The California Senate Public Safety Committee passed SB 22 — also known as the “Sexual Assault Victims’ DNA Bill of Rights” — on Tuesday, according to a press release by District Attorney Nancy O’Malley, who co-sponsored the legislation.
This bill requires that sexual assault kits booked into evidence be submitted to a crime lab within 20 days and that this evidence be processed within 120 days after a crime lab receives it. During the hearing at which the bill was presented, state Sen. Connie Leyva, D-Chino, the author of the bill, said its goal is to ensure that there is never another backlog of sexual assault kits in California.
According to Amanda Stephens, a member of the board of directors of the Joyful Heart Foundation, another important difference between existing laws and the bill that was just passed through the committee is the use of one word: “should.”
Currently, Penal Code 680 says that when the police receive a sexual assault kit, they “should” send it to a crime lab. The Joyful Heart Foundation, an organization whose mission is to transform society’s response to sexual assault, looked into how many jurisdictions followed the guidelines this law suggested by issuing open records requests to eight jurisdictions. Stephens said in the hearing for the bill that they found that six out of eight of these jurisdictions did not follow this suggestion or did not have a way to count how many rape kits they had received.
“By passing SB 22 and changing the ‘should’ to a ‘shall’ and testing all sexual assault kits, California will take dangerous, violent offenders off the streets,” Stephens said in the hearing.
In 2016, the Berkeley Police Department was discovered to have left evidence from a sexual assault kit that had been untouched for six years, only sending it for testing in 2014. At that time, Alameda County possessed 1,900 untested sexual assault kits.
In the hearing for the bill, O’Malley said she has ensured that there is no backlog of sexual assault kits in Alameda County. BPD spokesperson Officer Byron White said in an email that this was true for Berkeley as well. Senator Nancy Skinner, the District 9 representative, said in the hearing that this bill was important to bring forward.
“I hope we get to the point where every single sexual assault is reported, all evidence is tested, and we can end this and resolve the crimes,” Skinner said in the hearing.

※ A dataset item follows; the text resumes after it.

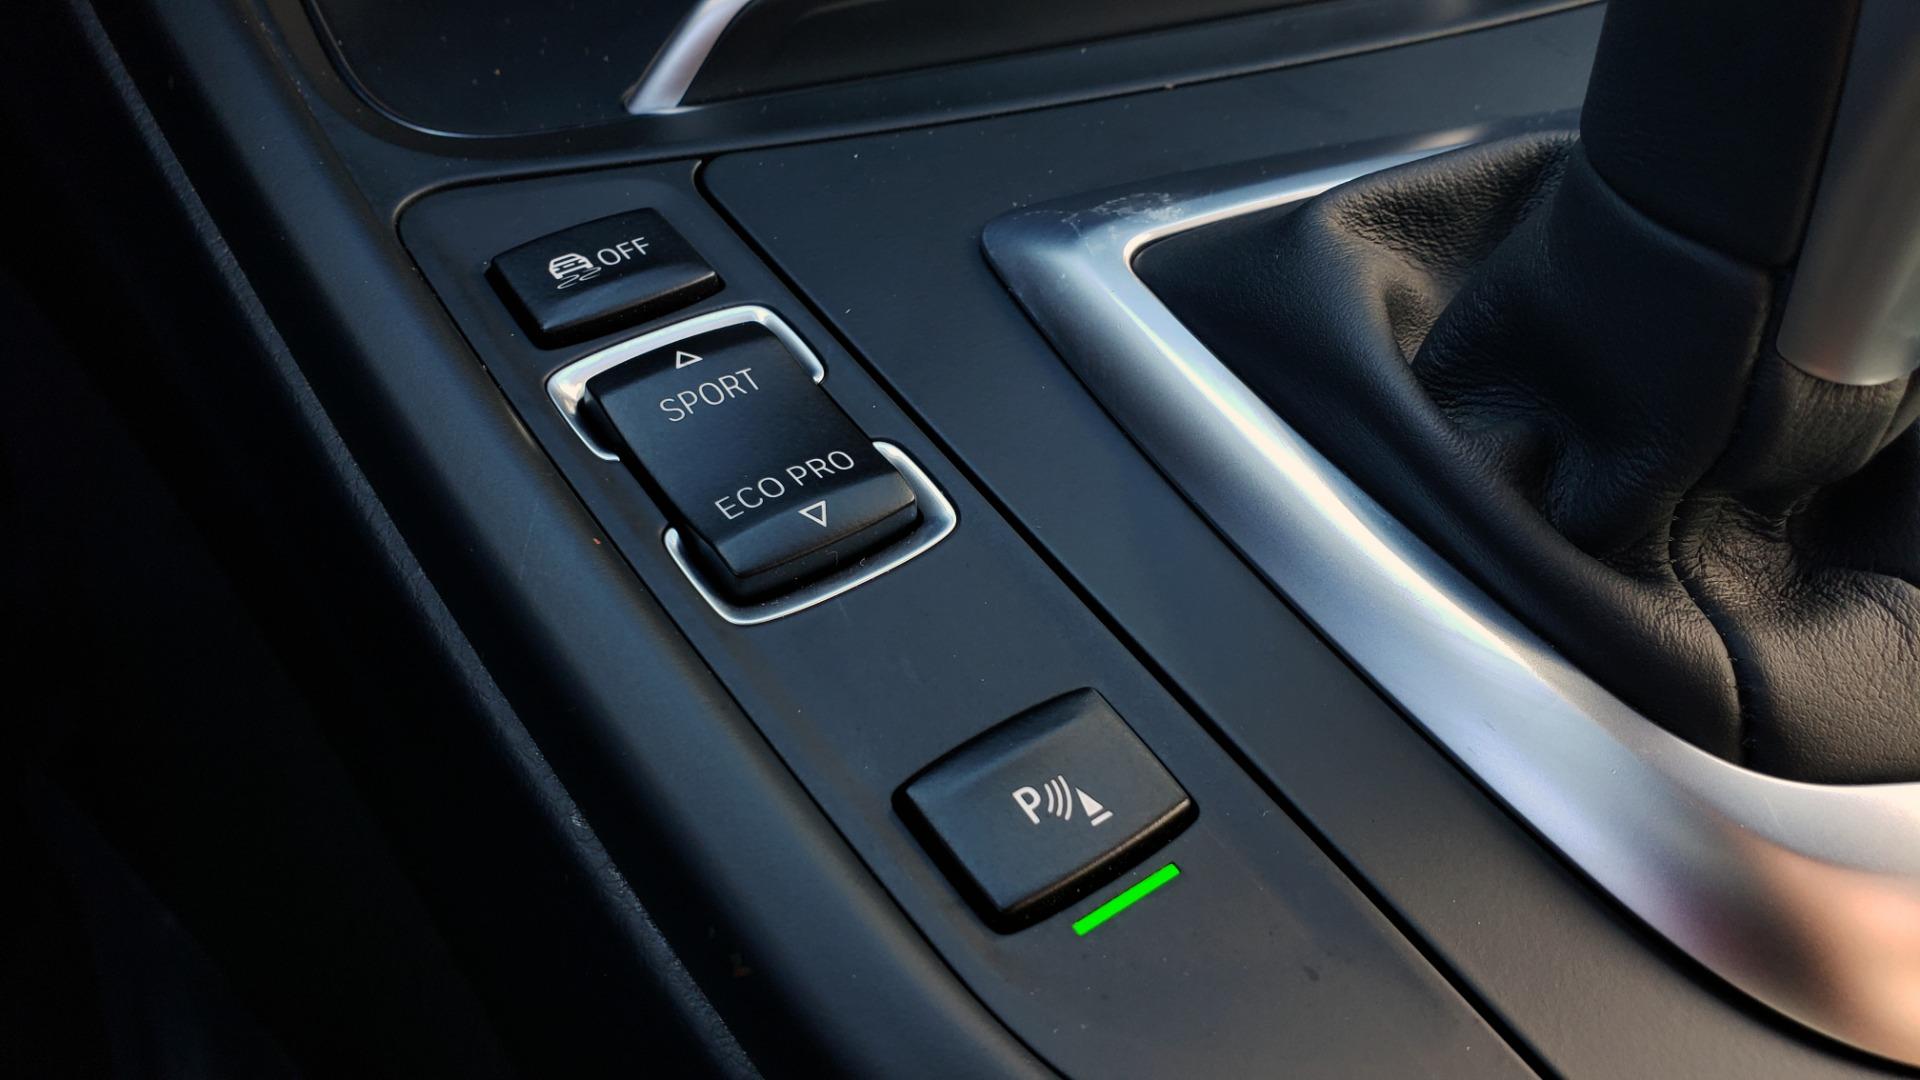 Used 2018 BMW 4 SERIES 430IXDRIVE / PREMIUM / NAV / SUNROOF / ESSENTIALS PKG for sale $27,795 at Formula Imports in Charlotte NC 28227 50

Given that the UC Berkeley Office for the Prevention of Harassment and Discrimination received 171 sexual violence allegations in 2018 and that there are currently 15 pending case investigations, this bill could impact the way sexual assault is treated on campus.
ASUC Senator Zach Carter said in an email that he believes that it could affect a number of people who come forward about sexual assault.
“Reporting is a stressful process already, and survivors deserve the most expedited and equitable reporting methods available, and SB22 would help streamline a process that’s inherently stressful and burdensome,” Carter said in an email.